=== Section Start ===
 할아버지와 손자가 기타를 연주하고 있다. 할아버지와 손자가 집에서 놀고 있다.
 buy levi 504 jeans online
=== Section End ===
=== Section Start ===
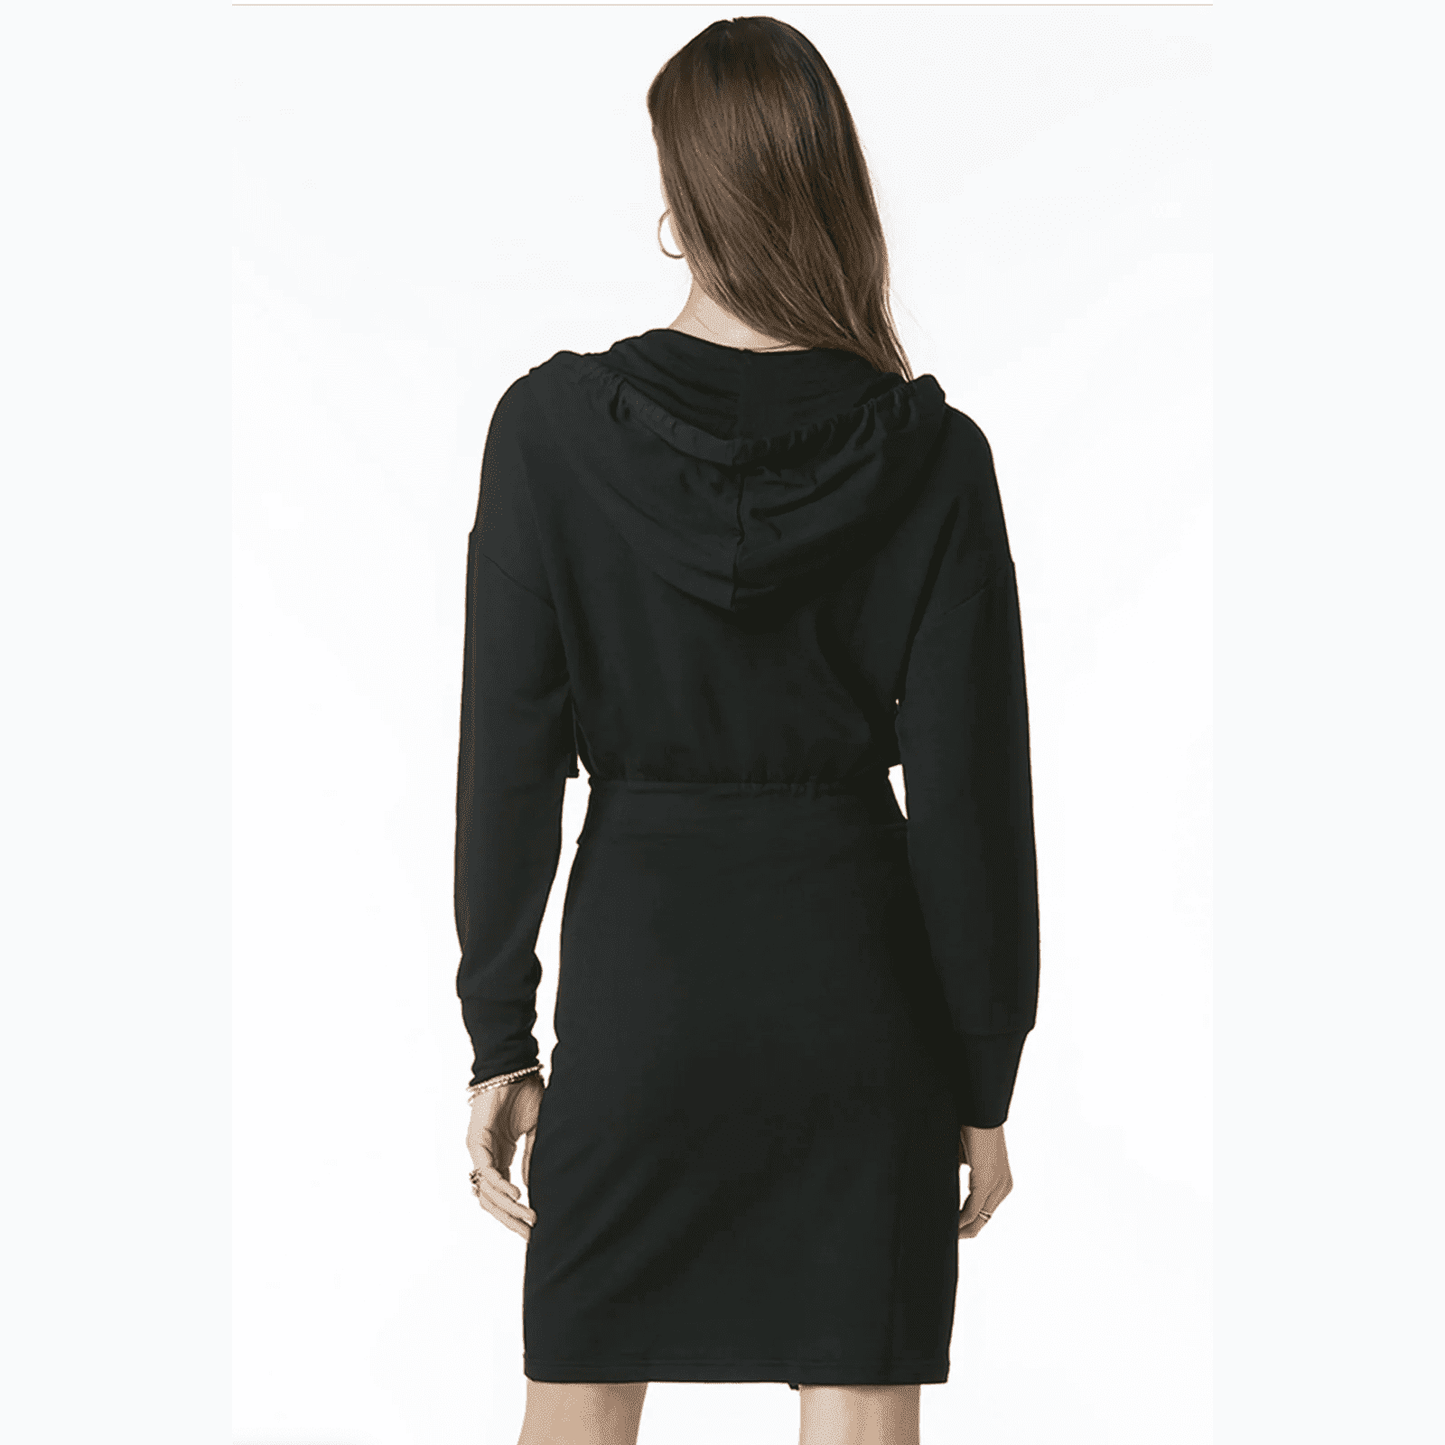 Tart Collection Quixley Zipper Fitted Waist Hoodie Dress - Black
=== Section End ===
** Required work **
From the line holding "할아버지와 손자가 기타를 연주하고 있다. 할아버지와 손자가 집에서 놀고 있다." to the line holding "buy levi 504 jeans online", inclusive, restate each line above exactly as written.

** Expected answer **
 할아버지와 손자가 기타를 연주하고 있다. 할아버지와 손자가 집에서 놀고 있다.
 buy levi 504 jeans online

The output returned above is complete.